Lilian Greenwood: My hon. Friend is quite right that it is indeed a concern that people who need to travel at peak times find it almost impossible to find an affordable ticket.

Bus fares have continued to rise, too—up by 26% on average, which is more than three times faster than wages. Some areas have seen much higher rises still. In the north-east, bus fares have consistently risen by 3% above inflation, and it is the non-metropolitan areas that have seen some of the steepest bus fare increases, including in the constituencies of many Conservative Members, with fares increasing by 27% on average.

Christian Matheson (City of Chester) (Lab): The problem with buses is not just bus fares; it is the fact that in rural areas, such as in Saughall or Guilden Sutton in my constituency, the privatised bus companies are simply withdrawing services because their profit margins are not big enough.

Lilian Greenwood: My hon. Friend makes an important point. In many cases, it is hard-pressed local authorities that are trying to fill the gap, but of course with cuts it is increasingly difficult to do so.

The Secretary of State may remember when Ministers said at the start of the last Parliament that their cuts to bus funding would not impact on fares or service levels. Perhaps it was before the Secretary of State’s time. Almost six years on, however, the impact of the reductions to bus subsidy and local authority budgets is clear: more than 2,400 supported bus services have been altered, downgraded or withdrawn altogether. Supported, socially necessary bus services accounted for 24% of overall mileage in 2010. Last year, that had shrunk to 17%. The overall mileage of socially necessary services is down by 10% in the last year alone, and the number of transport authorities funding a young person’s concessionary travel scheme has fallen by 24%.

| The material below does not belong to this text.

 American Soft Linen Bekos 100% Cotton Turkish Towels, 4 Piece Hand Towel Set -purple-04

Bus services are used by every section of society, and we need a growing bus industry that can provide new routes to areas that are not currently served and provide people with as many options as possible for travel. We know that buses are particularly important to disabled people, older passengers, those on low incomes, young people and jobseekers. I am proud of the support that Labour introduced, including the concessionary bus pass, which provides a lifeline for pensioners and has kept many networks viable. Six years ago, the Prime Minister said that he would keep Labour’s free bus pass. Indeed, a year ago the Transport Secretary told this House that

“we have kept, and will keep, concessionary bus fares for older people.”—[Official Report, 22 January 2015; Vol. 591, c. 357.]

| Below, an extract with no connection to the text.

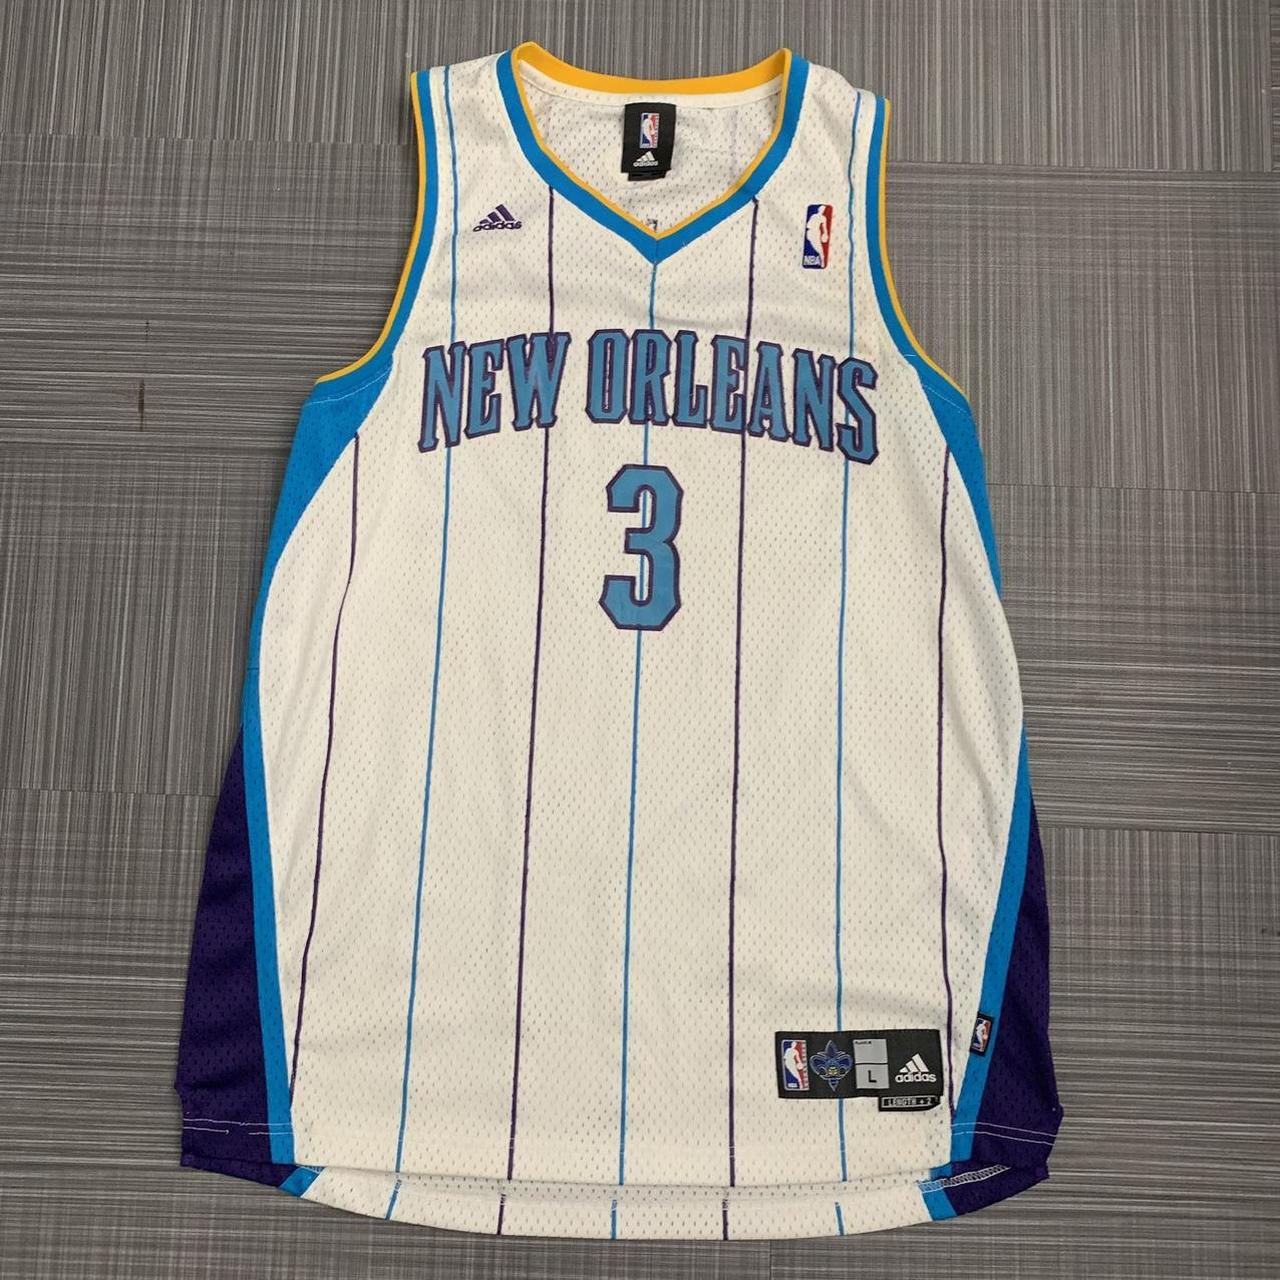 Adidas NBA New Orleans Hornets Chris Paul Basketball Jersey Size

But what is the point of a free bus pass when there are no bus services left?

19 Jan 2016 : Column 1353

Craig Williams (Cardiff North) (Con): Before I entered the House, I sat on the board as a non-executive director of Cardiff Bus. Is the hon. Lady aware that we had to get together as Welsh bus companies and threaten legal action against the Labour Welsh Government on the concessionary fare funding because it was a breach of contract?

Lilian Greenwood: You do not want to talk about your own Government’s record on concessionary fares. [Interruption.]

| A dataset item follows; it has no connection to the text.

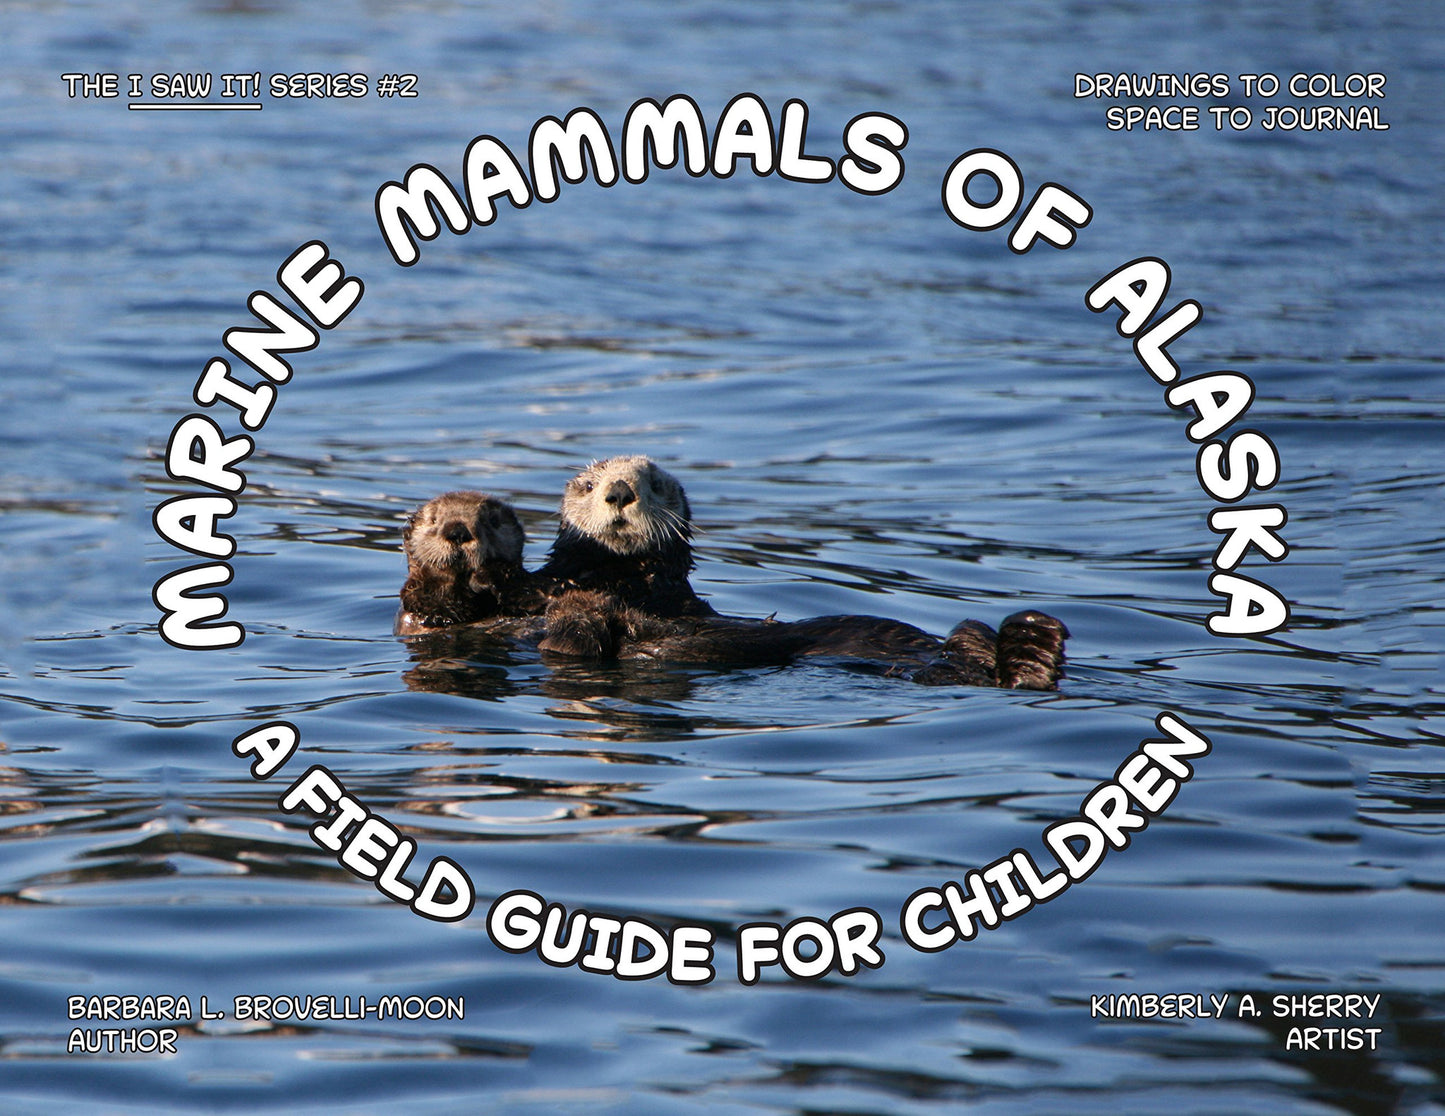 Marine Mammals of Alaska: A Field Guide for Children by Barbara L. Brovelli-Moon

Madam Deputy Speaker (Mrs Eleanor Laing): Order. The hon. Lady does not mean “you”, does she? She means “he”.

Lilian Greenwood: The hon. Gentleman does not want to talk about the point at issue. He does not want to talk about what has happened to bus services here in England.

Anyone who searches the speeches and the statements of Conservative Ministers for references to fare rises on buses or cuts in routes will spend their time in vain.

Several hon. Members rose

Lilian Greenwood: I will make some progress, and then I will give way.

Bus passengers account for two thirds of public transport journeys, but the Transport Secretary mentioned them only once, in passing, in his speech at the Conservative party conference a few months ago. No doubt he will say that funds have been provided for local authorities to bid for support, and of course investment in cleaner, more efficient buses is welcome, but taxpayers will not realise value for money without reform. Fares have outstripped inflation and wage growth, and savings from the falling cost of fuel are not being passed on to passengers. Throughout the country, bus services are trapped in a vicious cycle in which fare rises dampen down demand and routes are then cut, triggering another round of cost increases.

There was a time when Ministers insisted that

“there have not been the cuts that the Opposition are so keen to talk up.”—[Official Report, 19 April 2012; Vol. 543, c. 485.]

However, when Transport Focus, the official watchdog, surveyed people who had been affected by the cuts, one person responded:

“I have one daughter who is disabled. They have cut her bus on a Sunday and in the evenings, so I can’t go and see her on a Sunday now.”

Another said that they

“Can’t see elderly parents in the evening and care for them as much when they probably need it the most. Can’t afford a taxi because not working at the moment and relied on the bus.”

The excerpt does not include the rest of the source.